Exclusion from Certain Employee Benefits
A profits interest holder’s self-employed status extends to the company’s health and welfare benefit plans. First and foremost, you will want to consult with an employee benefits expert to determine if the company’s plans can and do apply at all to the company’s equity owners. Even if they do, self-employed individuals are not eligible for certain tax-advantaged benefits, such as parking and transit subsidies and health care flexible spending accounts, but they remain eligible for others, such as educational and dependent care assistance.

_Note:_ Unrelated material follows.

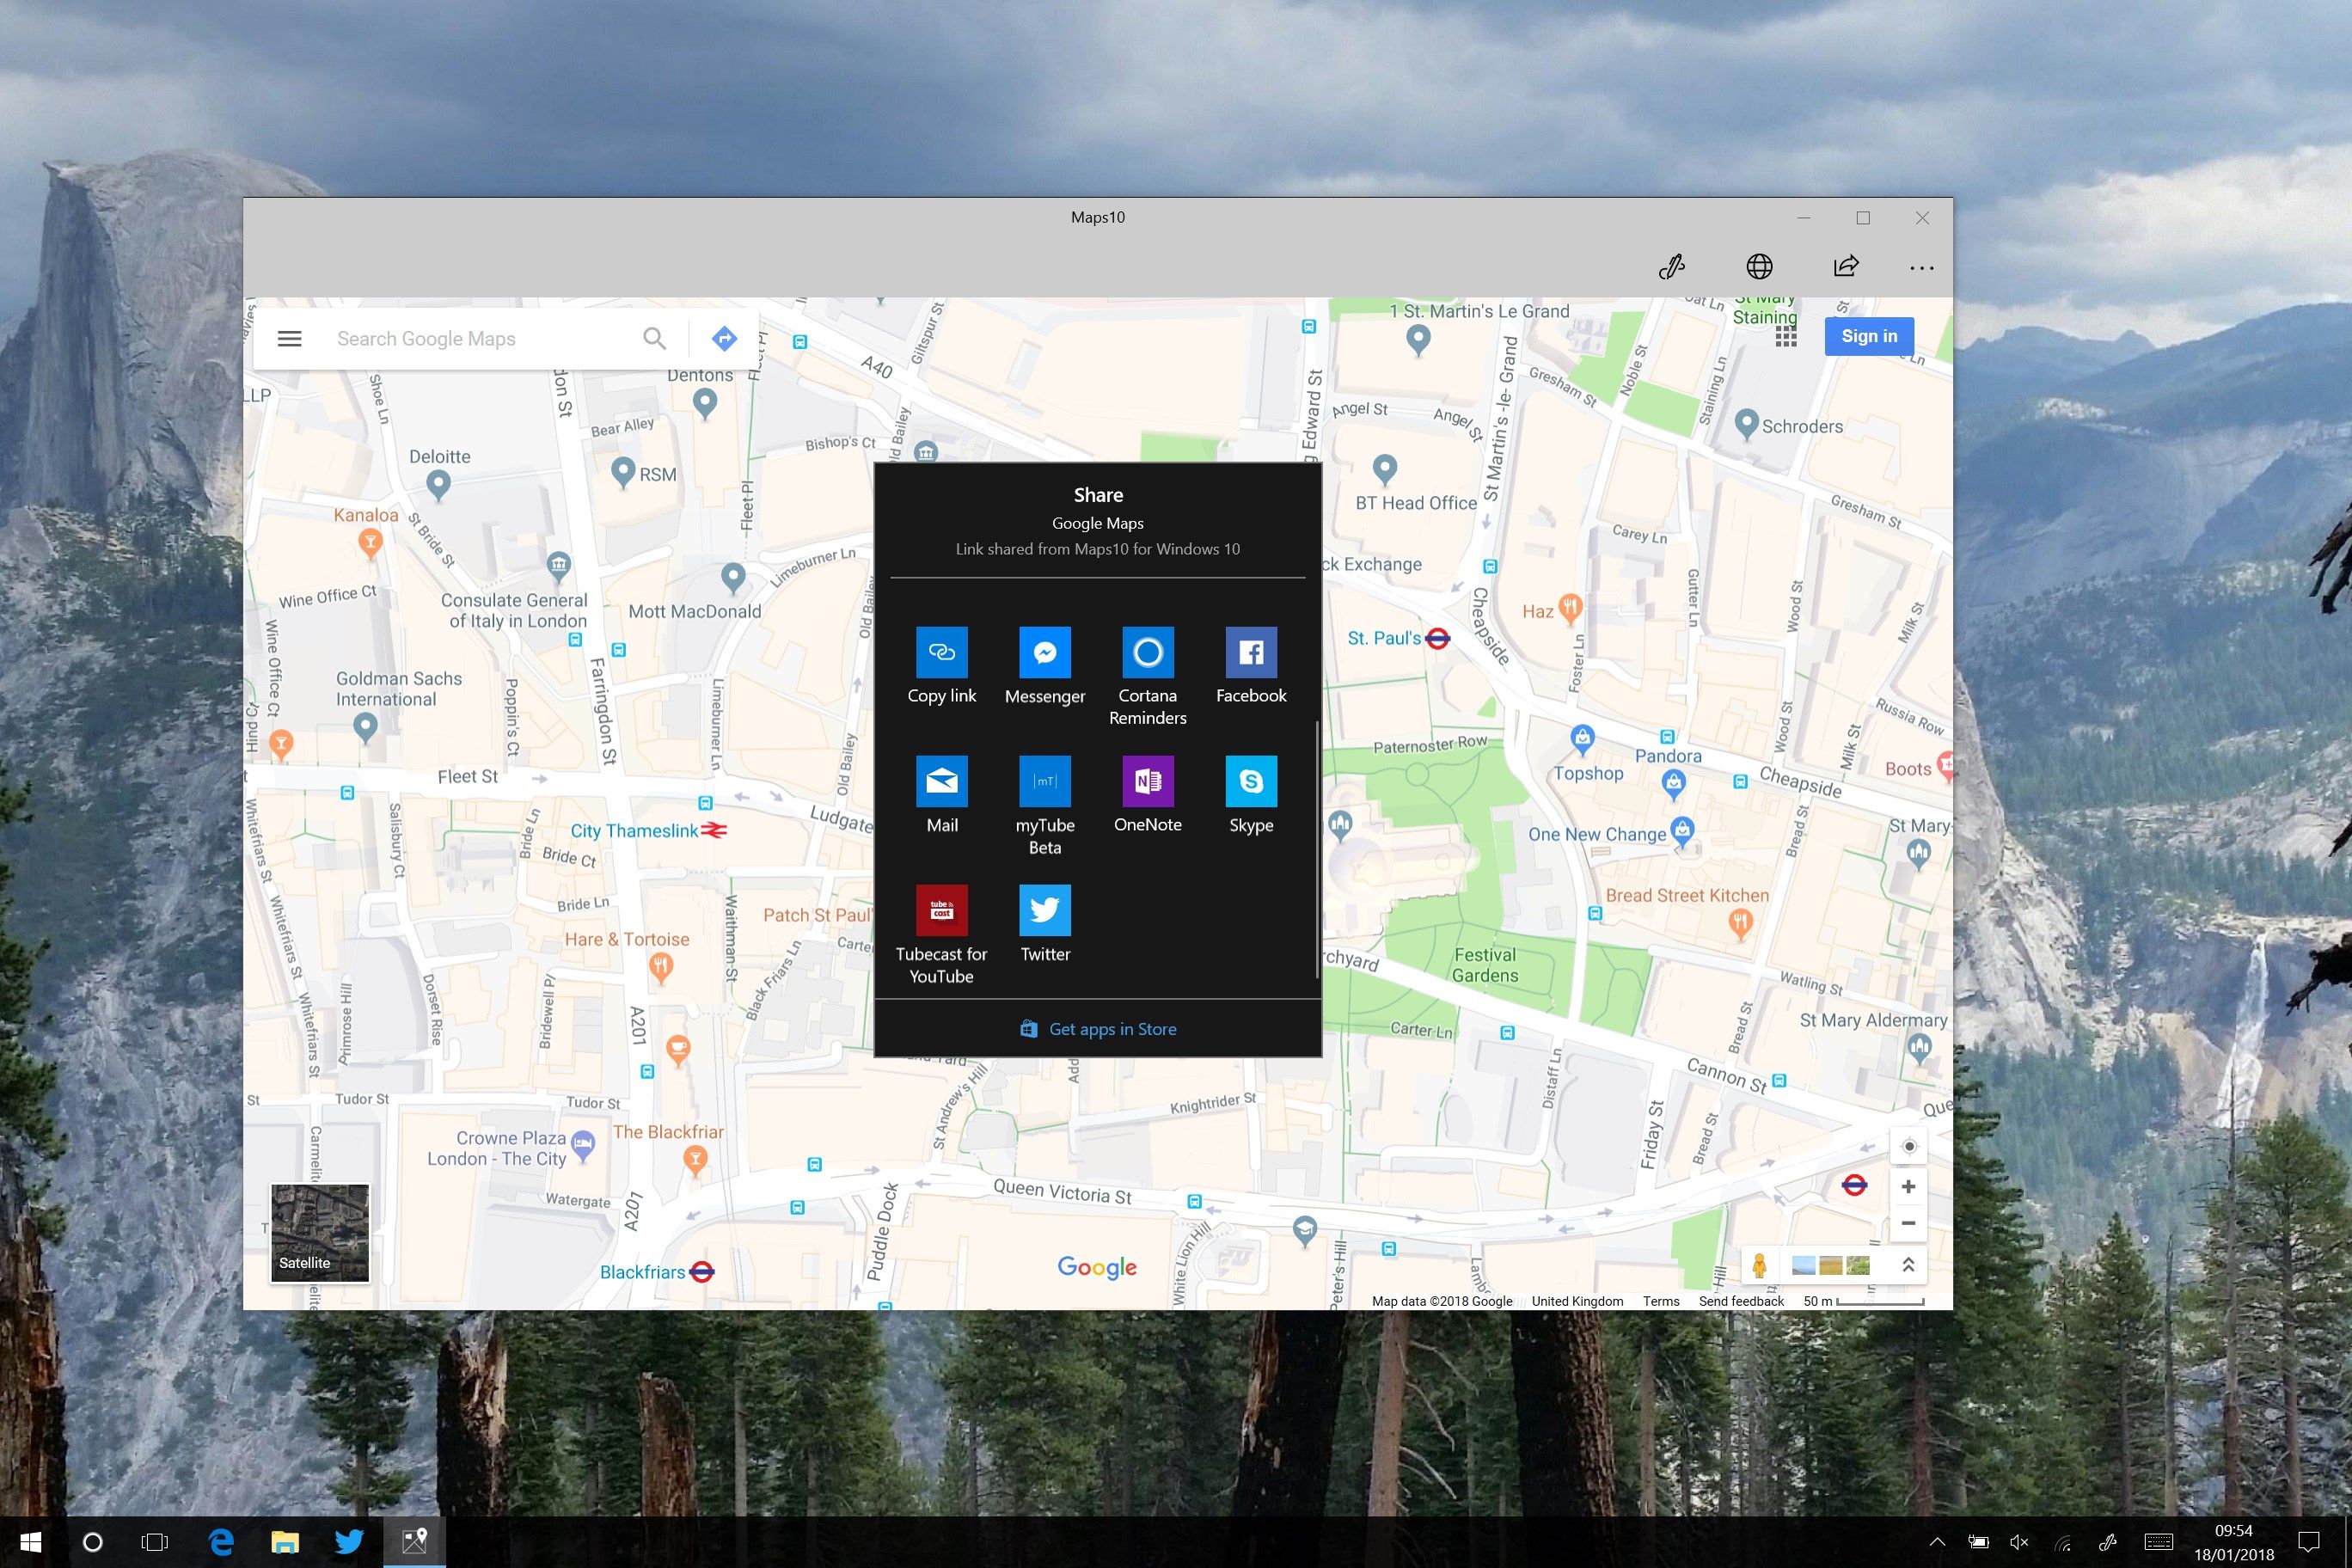 Share the location you are viewing as a Google Maps link, so anyone can see what you're seeing.

Most consequential for the majority of workers is the question of employer-subsidized health insurance. Normally, an employer’s contributions to an employee’s health insurance premiums are not taxable income to the employee. This doesn’t apply to the self-employed, and the profits interest holder would be taxed on the company’s health insurance subsidy. The profits interest holder may, however, be able to deduct all of his or her health insurance premiums under certain conditions, the most important of which is the individual is not otherwise eligible for employer-subsidized health insurance through another job or family member. This health insurance deduction for the self-employed may be just as good or even better than an employer subsidy, but the individual-specific eligibility standards make this difficult to plan for among large groups of workers.
As you can see, the prospect of adapting to estimated and self-employment taxes, and changes to health insurance and other benefit plans, may be daunting to a rank-and-file employee receiving a small percentage interest in an LLC or other tax partnership. The practical “work-arounds” seek to prevent an individual from being both a partner and an employee of the same entity. These include inserting an S corporation holding company to hold the profits interest, allowing the individual to remain an employee while the S corporation (and not the individual) is the partner. Generally, the more employees are involved, the more difficult it is to implement these types of work-arounds.
The alternative is to avoid the workers becoming partners at all by issuing them options or phantom equity instead of “real” equity. The employees will realize ordinary income upon exercise or payment, but the company’s owners will receive an equivalent deduction for compensation-paid. If the owners are in a higher tax bracket than the employees (and can utilize the deduction), options or phantom equity can be very tax-efficient, and the company could consider making the employees whole by issuing additional options, phantom equity, or simply cash bonuses.
Profits interests are great; they represent one of the biggest tax advantages of partnerships. Absent a customized work-around, however, profits interests will render the holder “self-employed,” and that comes with significant tax complexity. As a rule of thumb, think twice about issuing profits interests to employees who have not previously been self-employed or who don’t have their own sophisticated tax advisors. Sometimes the game isn’t worth the candle.